I’ll probably keep watching if for nothing else than to find out what the TCM really is and also how Locke ended up in that damn wheelchair.

As a woman once purportedly told Bertrand Russell, this show is nothing but Macguffins all the way down. :smiley:

LOST was over for me after about the 4th episode.

You know, with how passioniate everyone is about not watching the show it almost seems like you are trying to convince “others” to not watch the show. Now… who would gain the most by having people not watch this show? Perhaps the Hanso Found

Heh. I see that the Hanso Foundation rules the SDMB Hamsters too. :smiley:

They seriously need to have Henry Winkler show up and jump over a beached seal in order to prove that they haven’t yet jumped the shark. Either that, or come across a wreck of a small tour boat, and then find the ruins of a few bamboo shelters, a suitcase full of money, a red shirt, and a stupid-looking floppy fishing hat. Then, in the closing scene, they find a life preserver with “S.S. Botony Bay” stenciled on it, and Ricardo Montalban brandishing a worm in forcepts. Then he wakes up next to Suzanne Pleshette and tells her the dream he had about this island where fantasies come true.
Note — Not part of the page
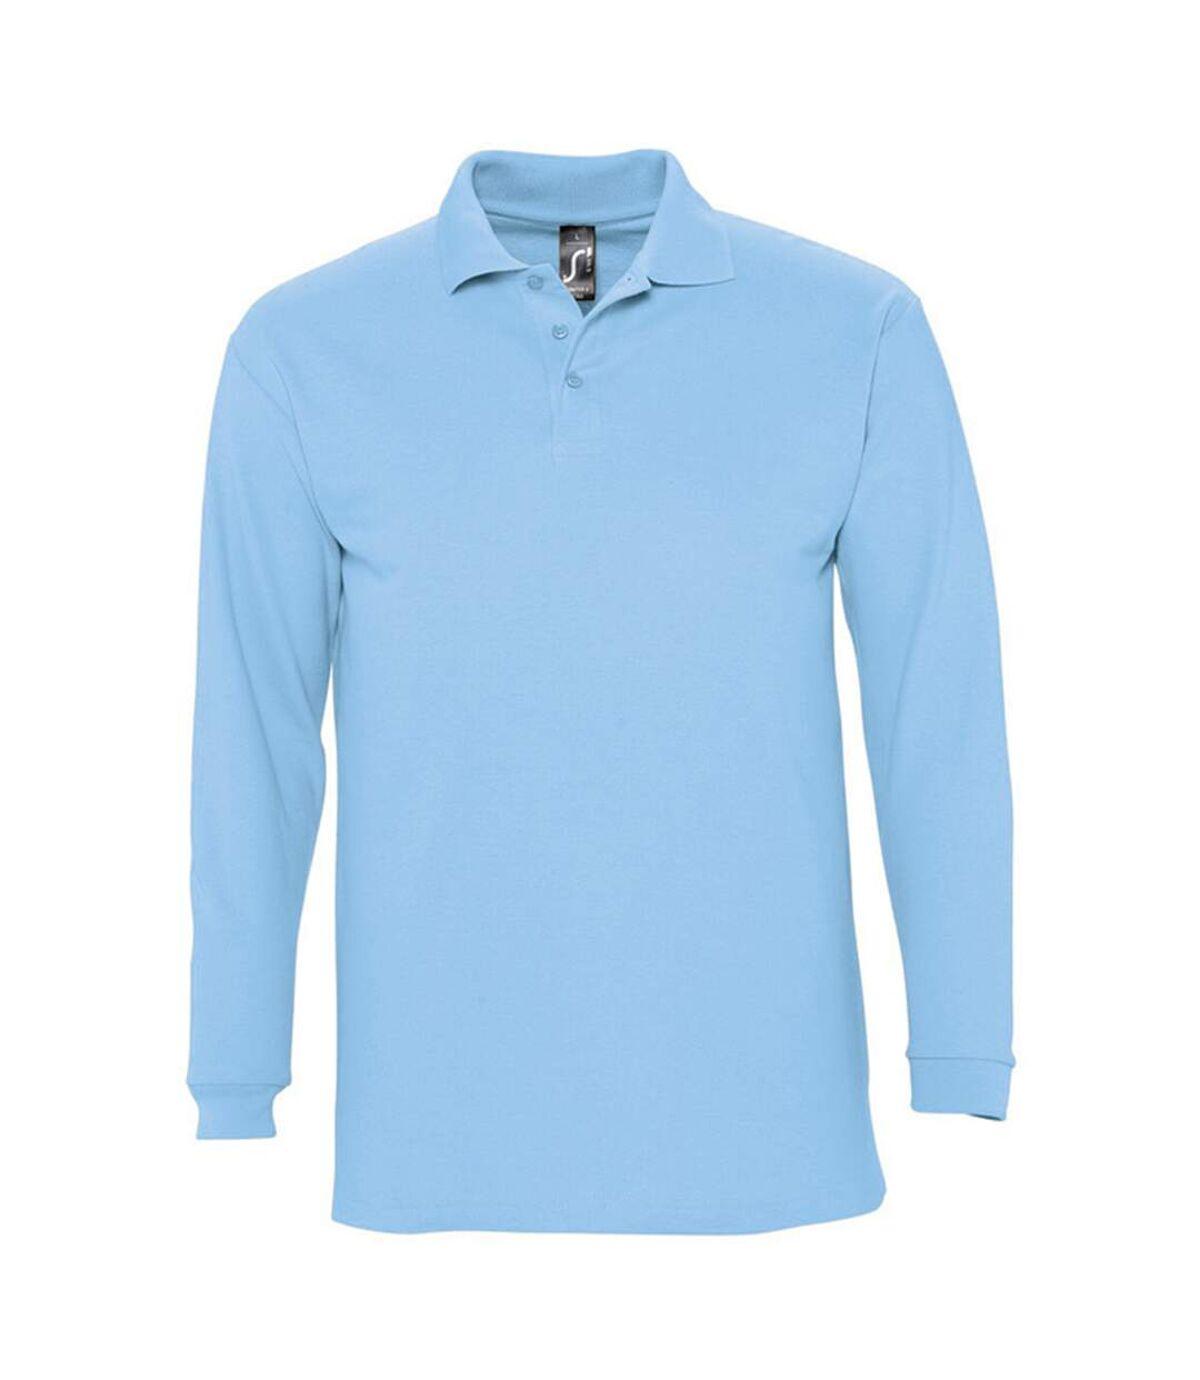 SOLS Mens Winter II Long Sleeve Pique Cotton Polo Shirt (Sky) - UTPC329

Here here! American t.v. producers want a hit formula that they can keep milking indefinitely until it shrivels up and dies a pathetic death. Like Pushkin, I caught onto this about a thrid of the way in to the first series (which I watched on DVD last Christmas shutdown). The only redeeming quality–aside from Evangeline Lilly, who I would happily watch weaving baskets–was the character (Arndt?) in the last episode of the first series who kept complaining about being a “Red Shirt” and then blew up just to demonstrate the point that they dynamite was dangerously unstable. They needed more self-aware gags like that.